1. Le contrat de gestion : l'institutionnalisation d'un nouveau mode de régulation budgétaire clandestine
Un
premier contrat de gestion avait été conclu au printemps 1999
entre les ministères des finances et de la culture afin d'assurer le
respect d'un objectif de progression de 1 % des dépenses en volume.
La Cour des comptes observe dans son rapport sur l'exécution de la loi
de finances pour 1999 : «
une telle mesure de
régulation, moins directement visible qu'une pure et simple annulation
de crédits, conduit de facto à accroître la tendance
à la sous-consommation déjà accentuée sur les
chapitres d'investissement, à rendre en partie artificielle la
définition des prévisions budgétaires, et à
détériorer les relations de l'État avec ses partenaires,
notamment en ce qui concerne la restauration du patrimoine
monumental... »
Le « contrat de gestion » 2000 n'a été conclu
que tardivement. Les engagements pris par le ministère de la Culture
pour contribuer à l'exercice se sont traduits par :
- un montant de reports prévisible fixé à 165 M€
(1080 MF), ce montant ayant été calibré par
référence au pourcentage moyen de reports observé de
1995-96 à 1999-2000 ;
- une mise en réserve de crédits, au-delà du montant de
reports prévisibles, à hauteur de 23 M€ (150 MF)
de crédits de paiement, dont 19 M€ (125 MF) de
crédits de paiement sur le chapitre 56-20 et 4 M€ (25 MF)

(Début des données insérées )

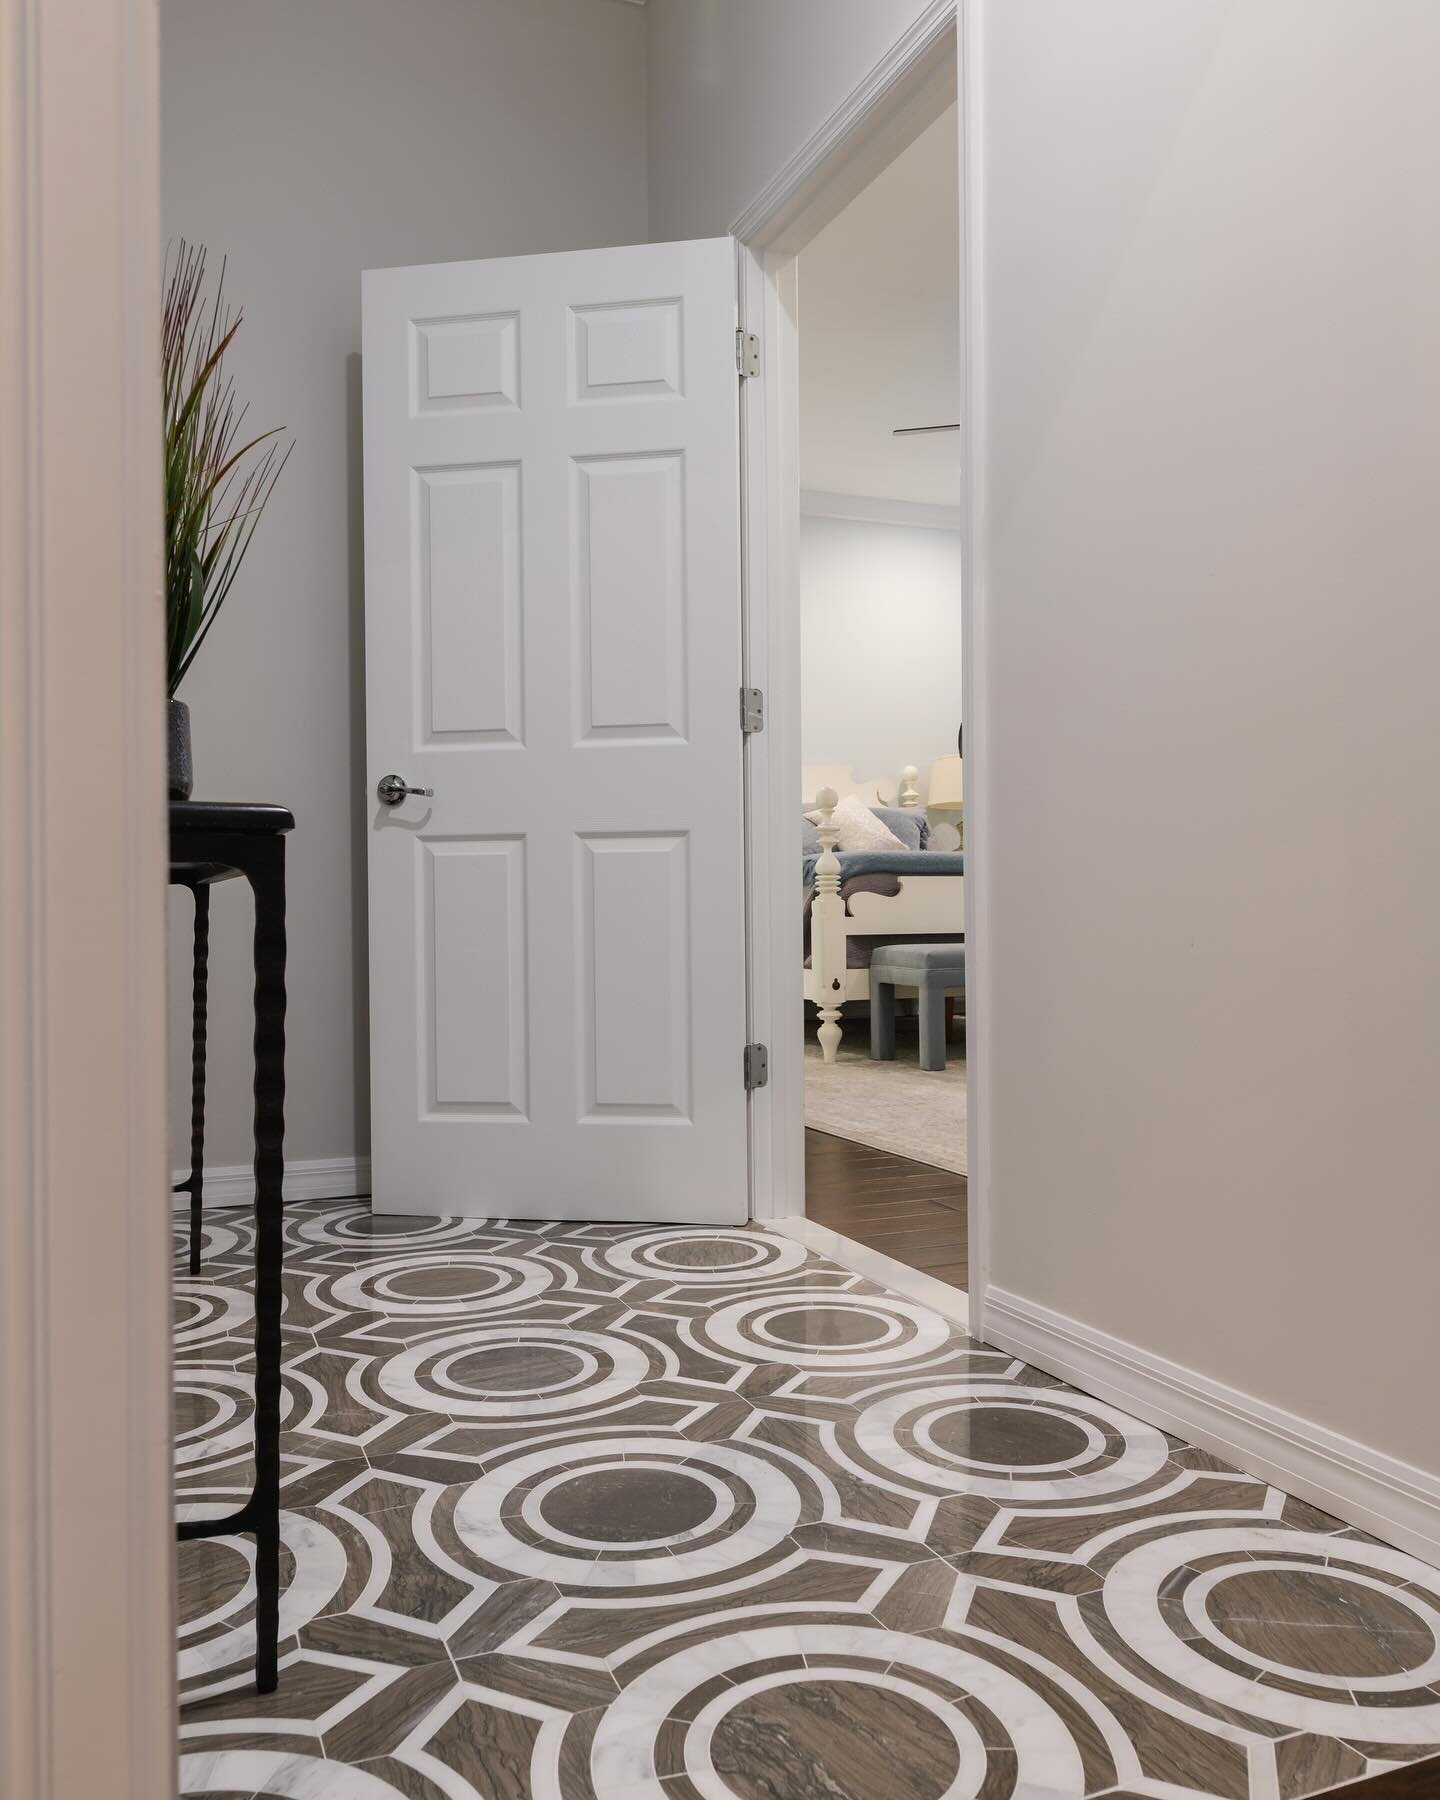 Step into luxury with this main bedroom hall featuring a mesmerizing waterjet floor tile design!  The intricate pattern of the tiles create a gorgeous focal point that elevates the entire space. Truly a statement of elegance with these stunning tiles

de crédits sur le chapitre 36-60.
Ces crédits devaient être reportés sur l'exercice 2001,
à l'exception de 1,2 M€ (7,8 MF) de crédits du
chapitre 36-60, qui ont permis - d'une part de financer les besoins de
fonctionnement du secrétariat d'État au patrimoine et à la
décentralisation culturelle pour l'année 2000 [0,27 M€
(1,8 MF)] et, d'autre part, de compléter les crédits
indemnitaires [0,9 M€ (6 MF)].
Amorcé plus tôt dans l'année, le
contrat de gestion
2001
comporte les engagements suivants :
- un
montant de reports prévisible fixé à 259 M€
(1700 MF),
dont on remarque qu'il est
supérieur de quelque
100M€
(700 MF)
au montant prévu par le
précédent contrat de gestion
;
- une mise en réserve de crédits, au-delà du montant de
reports prévisible, à hauteur de 93 M€ (610 MF) de
crédits de paiement, elle aussi très supérieure à
celle de l'exercice 2000 : 7,6 M€ (50 MF) de crédits de
paiement sur le chapitre 36-60, 22,9 M€ (15 MF) sur le titre IV,
48,8 M€ (320 MF) sur le chapitre 56-20, 16,8 M€
(110 MF) sur le chapitre 56-91 et 17,5 M€ (115 MF) sur le
titre VI.
On note que sur le montant de crédits mis en réserve, 7,6 M€
(50 MF) feront l'objet d'une annulation en collectif de fin
d'année
5(
*
)
.
En fait,
ces informations fournies par le ministère de la Culture
témoignent de l'imbrication de la procédure des contrats de
gestion avec celle, plus traditionnelle, des annulations de crédits,
dont elle n'est dans certains cas que l'anticipation inavouée
.
La procédure classique par voie réglementaire ou
législative avait le mérite de la clarté. Les
méthodes de régulation budgétaire contractualisées
ont l'inconvénient de brouiller le jeu.
A peine le budget est-il
voté, que l'on s'empresse de prévoir des reports de
crédits, sans tenir compte du vote du Parlement
, au risque
d'augmenter encore des reports déjà importants pour les raisons
techniques et administratives mentionnées plus haut.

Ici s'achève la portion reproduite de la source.